Peut-on s'inspirer du succès Japonais?

Abenomics

Il y a 5 ans, le Japon se lançait dans une expérience économique originale: les "abenomics", nommées comme le nouveau premier ministre de l'époque, Shinzo Abe. Celui-ci avait été élu sur la promesse de mettre fin au marasme économique du pays, qui durait depuis la crise financière que celui-ci avait connu au début des années 90. depuis lors, "Japon" était devenu synonyme de croissance zéro, de déflation permanente et d'endettement public de plus en plus grand.

A l'époque, j'écrivais que l'expérience japonaise était très importante pour tous les pays développés. Le Japon était le précurseur de beaucoup de choses qui nous attendaient. Il avait connu avant nous une crise bancaire et une crise immobilière, et la déflation. Il était le premier pays à traverser le vieillissement de la population, la "stagnation séculaire", la productivité ralentie, tendances qui attendent tous les pays développés.

La politique de Shinzo Abe face à ces problèmes pouvait se résumer simplement : tout essayer pour soutenir l'économie.

Certains économistes considèrent que la politique monétaire est le meilleur moyen de soutenir l'activité d'une économie déprimée. Elle passe par des taux d'intérêt très faibles, des interventions de la banque centrale pour faire baisser non seulement les taux d'intérêt à court terme mais aussi à long terme, en achetant des dettes publiques et privées et en les conservant à son bilan.
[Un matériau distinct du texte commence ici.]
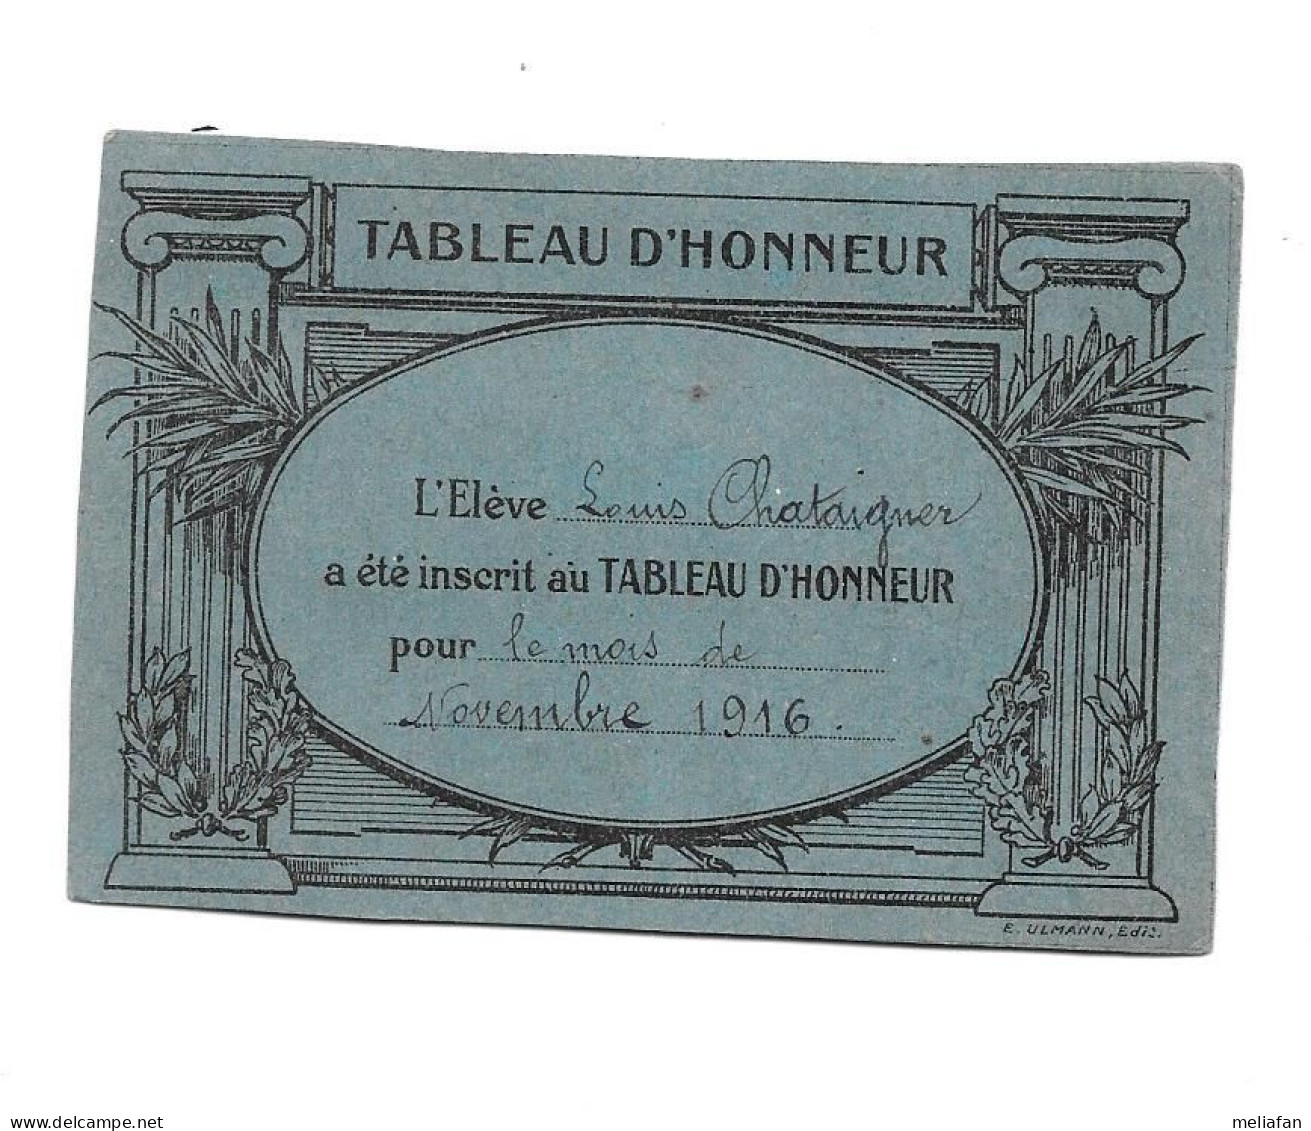 KB1283 - BILLET DE TABLEAU D'HONNEUR - Diplomi E Pagelle
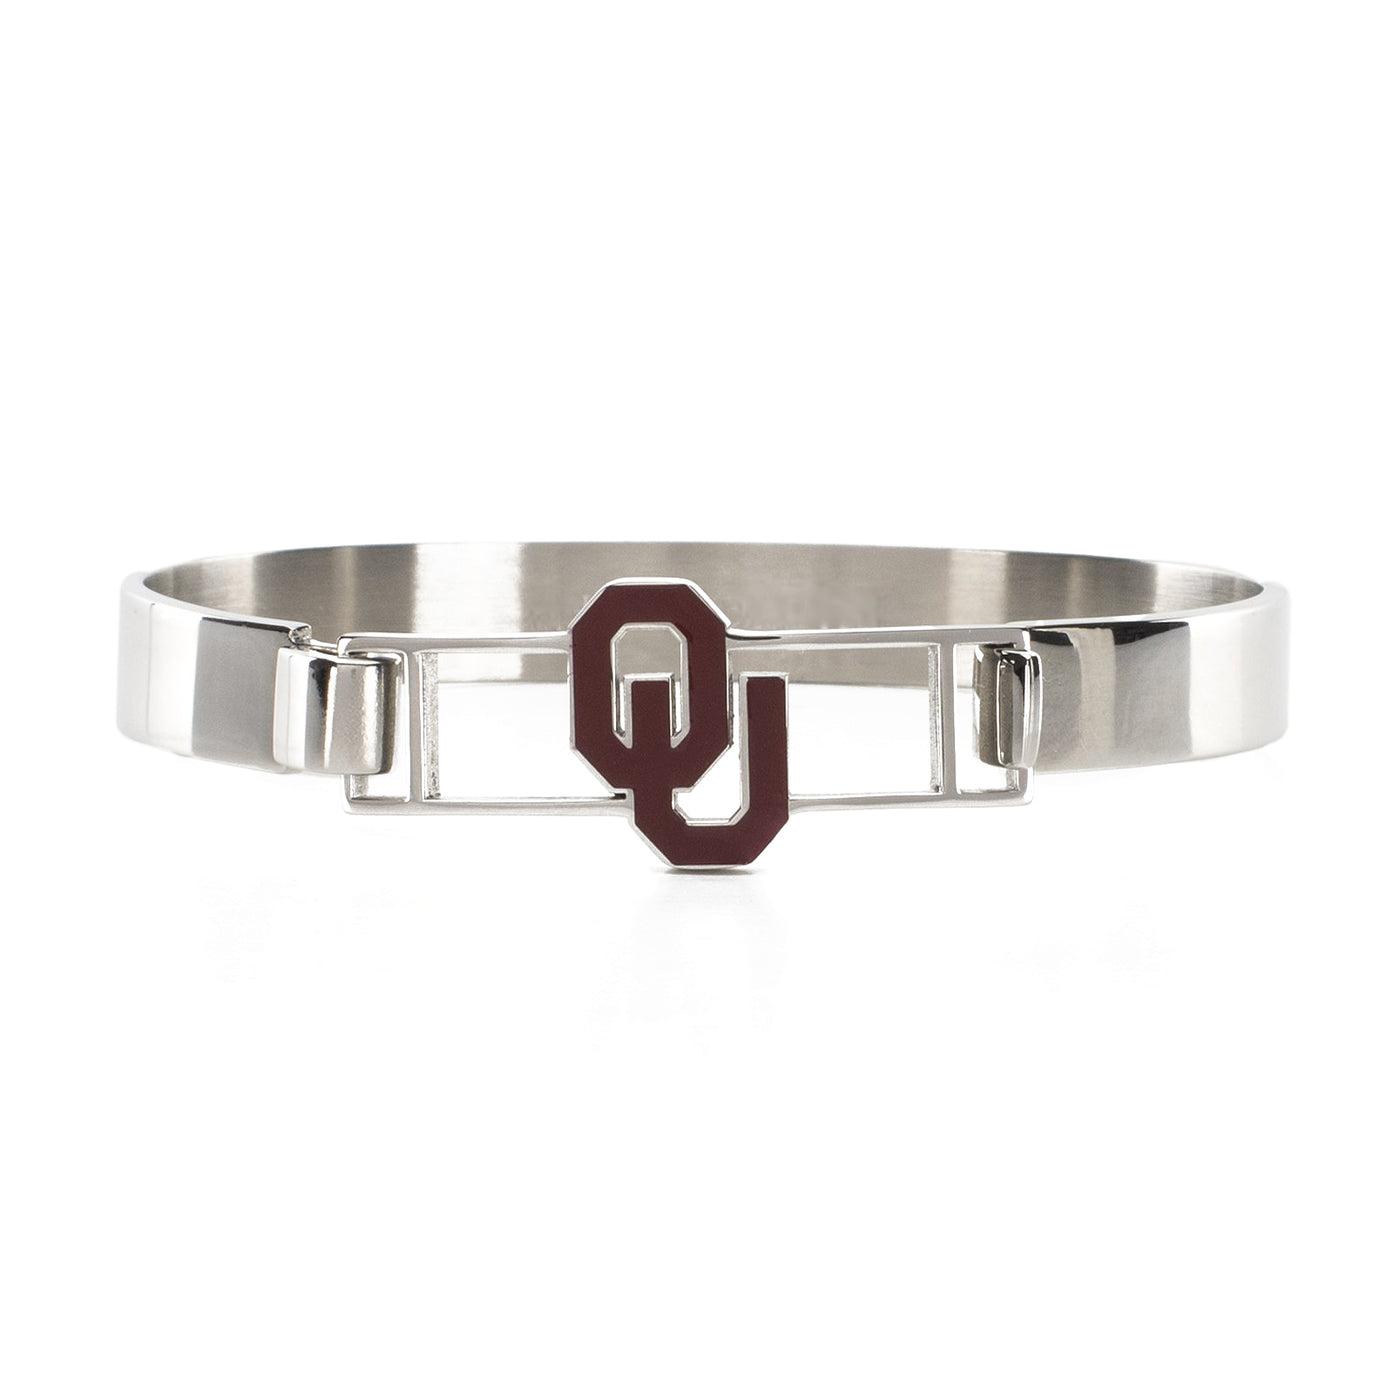 NCAA Kristin Bangle Bracelet - University of Oklahoma "OU" Silver

Pour d'autres économistes, la politique monétaire devient inopérante à un certain niveau : la banque centrale ne peut pas beaucoup baisser les taux d'intérêt en dessous de zéro, et cela peut avoir des conséquences négatives. Il vaut mieux soutenir l'économie par une politique budgétaire, c'est à dire, de forts déficits publics pour redresser la demande globale.

Enfin, certains considèrent que les politiques macroéconomiques (monétaires, budgétaires) ne sont au mieux que des expédients, l'essentiel pour faire croître une économie est de mener des réformes structurelles pour rendre l'économie plus efficace, augmenter le taux d'emploi, accroître l'efficacité des entreprises et la concurrence, etc.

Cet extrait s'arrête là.